The chapter highlighted that the defendant in order to be liable for


damages, his negligence should be proximate cause of the injury to the right
of the plaintiff or the injured party. This means that the negligence of the
former should be the cause, which in natural and continuous sequence,
unbroken by any efficient intervening cause, produces the injury, and
without which the result would not have occurred.

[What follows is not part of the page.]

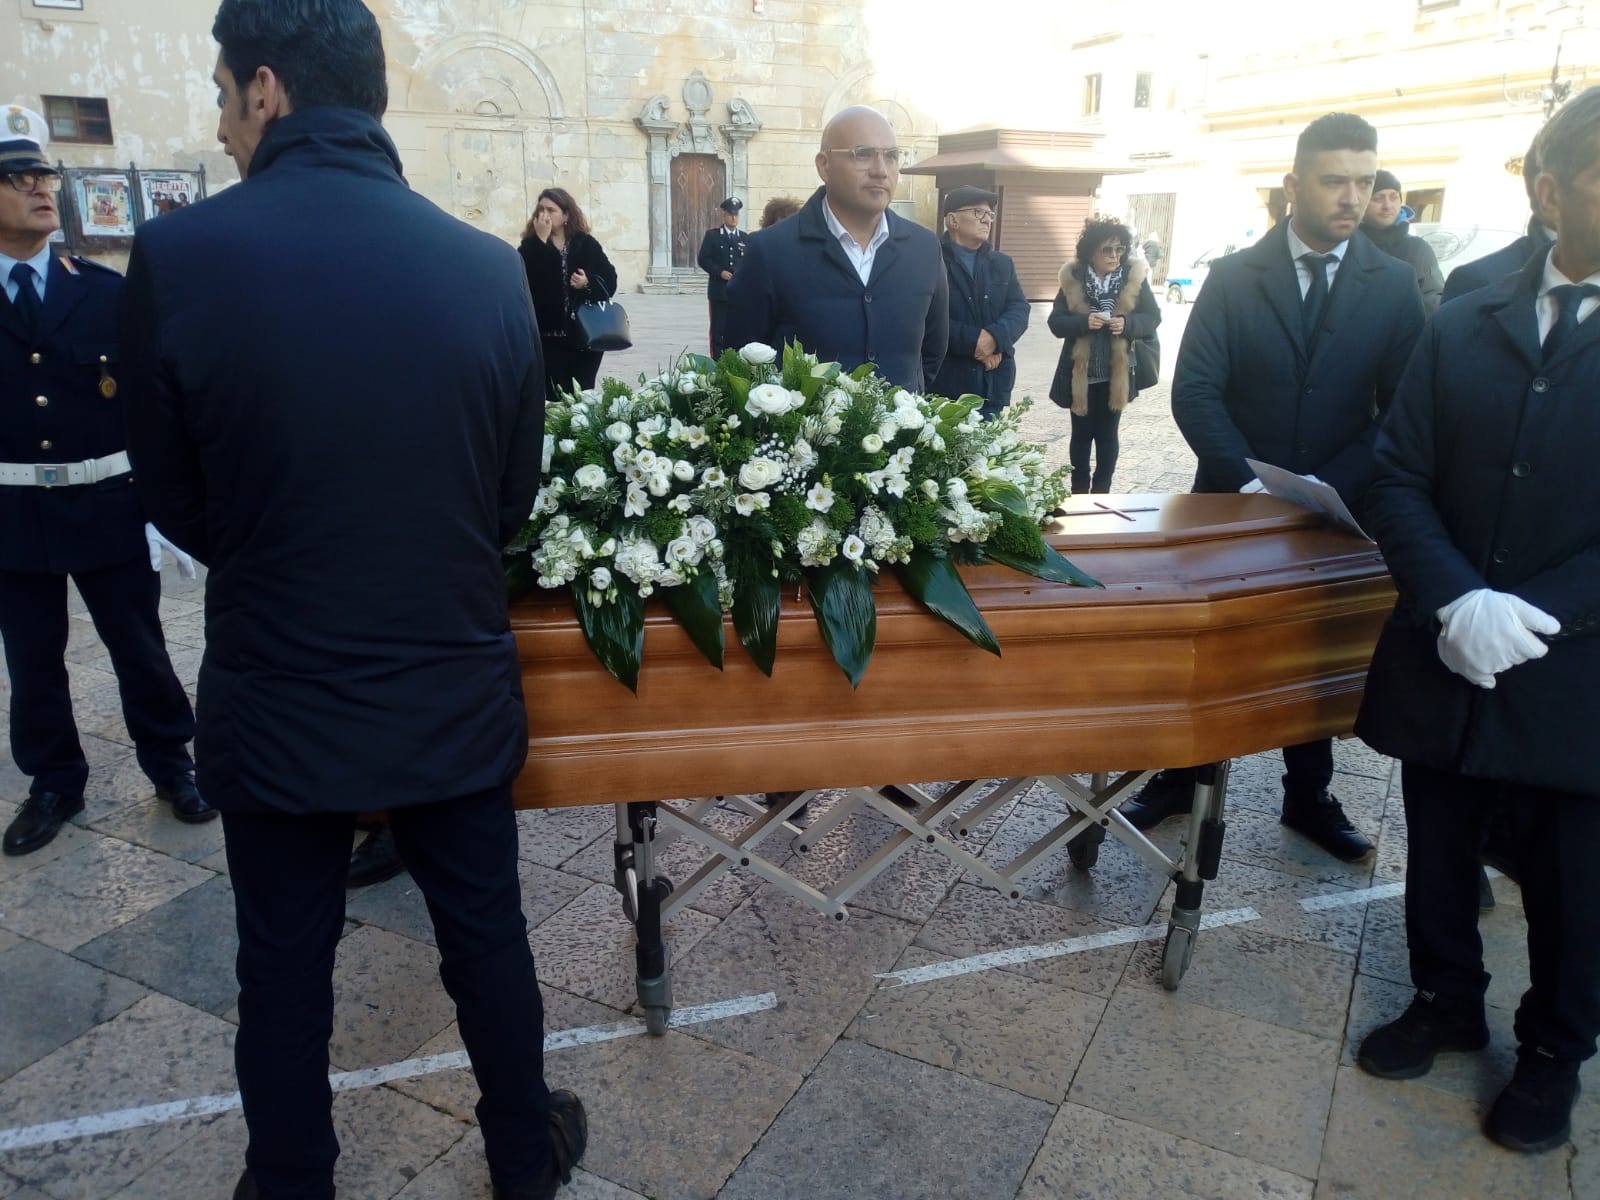 Si sono svolti i funerali di Salvatore Grillo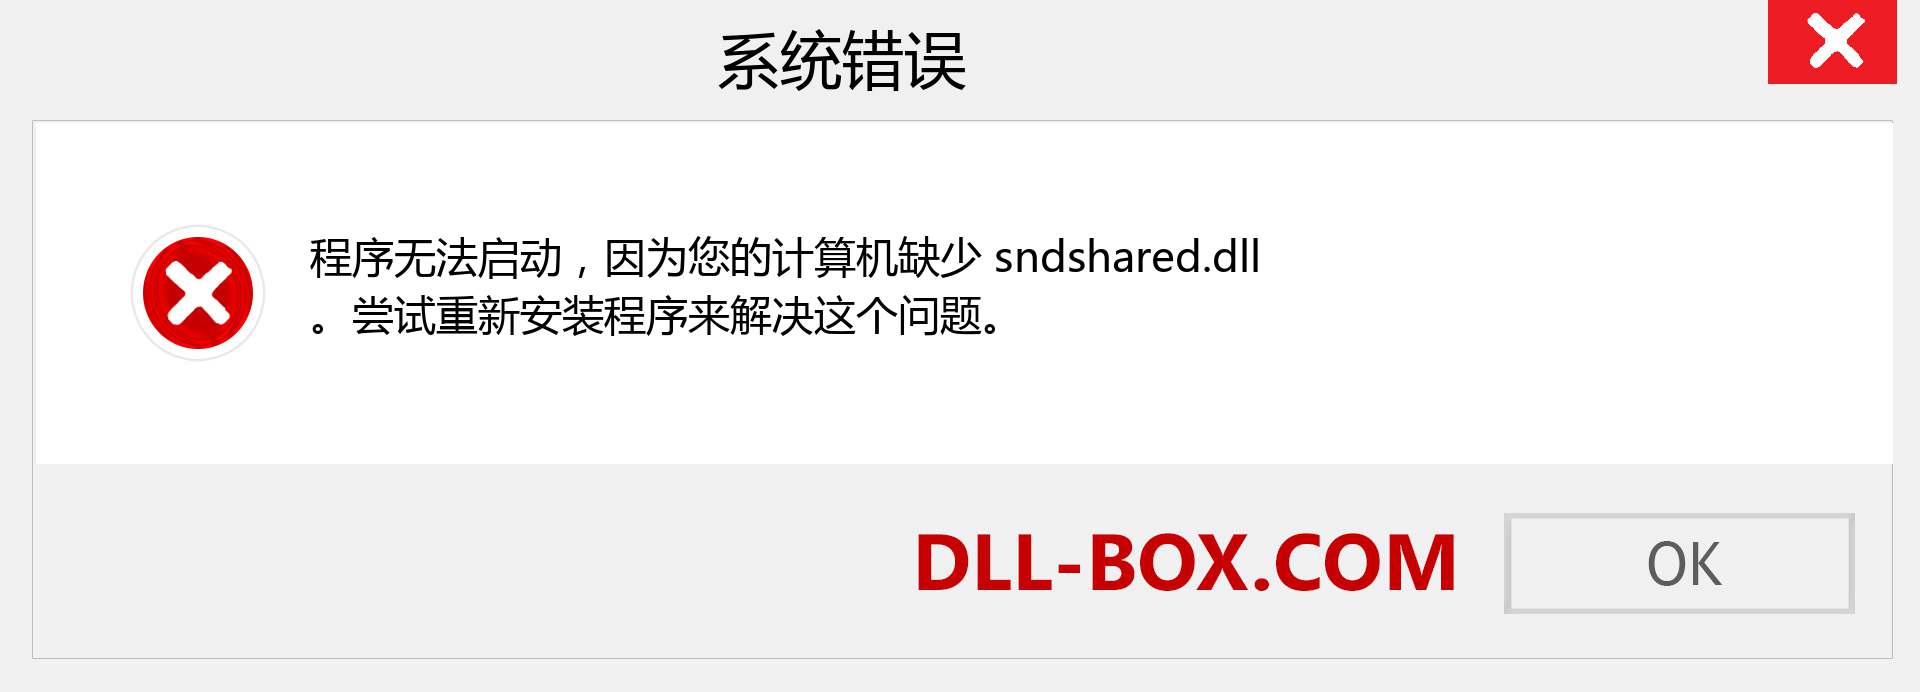 sndshared.dll 文件丢失？。 适用于 Windows 7、8、10 的下载 - 修复 Windows、照片、图像上的 sndshared dll 丢失错误

There are several tests to determine whether the negligence is the


proximate cause of the injury. The first test is the “Cause-in-fact Test.”
Pursuant to said test, it is necessary that there is proof that defendant’s
conduct is a factor causing plaintiff’s damage. Under the said test, two
subtest should be present; the “Sine Qua Non Test” where it should be
considered that the injury would not have occurred but for the defendant’s
negligent act; and the “Substantial Factor Test” where it makes the negligent
conduct the cause-in-fact damage if it was a substantial factor in producing
injuries.

Another test to be considered in determining whether the negligent act


is the proximate cause of an injury is the “Policy Test.” Under the said test,
the following shall be considered; a) foreseeability test; b) natural and
probable consequence test; c) natural and ordinary or direct consequence
test; d) hindsight test; e) orbit or risk test; f) substantial factor test. The
effect of foreseeability and natural and probable consequence tests is the
defendant is either not liable for the unforeseeable consequence of his acts,
or the liability is limited within the risk committed by the defendant’s
negligent acts. The effect of the remaining tests under the policy test
however are the defendant is liable for damages that are beyond risk, and,
the sequence from the effect of the defendant’s act upon conditions existing
and forces already in operation at the time, without the intervention of any
external forces.

Moreover, a causal connection between a negligent act and an injury


could be severed by an efficient intervening event. An intervening cause
must be new and independent, not under the control of the original
wrongdoer, or one which by the exercise of reasonable foresight and
diligence, he should have anticipated and guarded against it. It must break
the continuity of causal connection between the original negligent act of
omission and the injury so that the former cannot be said to have been the
efficient cause of the latter. In the existence of an efficient intervening
event, or if the defendant has proven the existence of such, his liability as to
the injury caused by his negligent act is thereby extinguished or mitigated.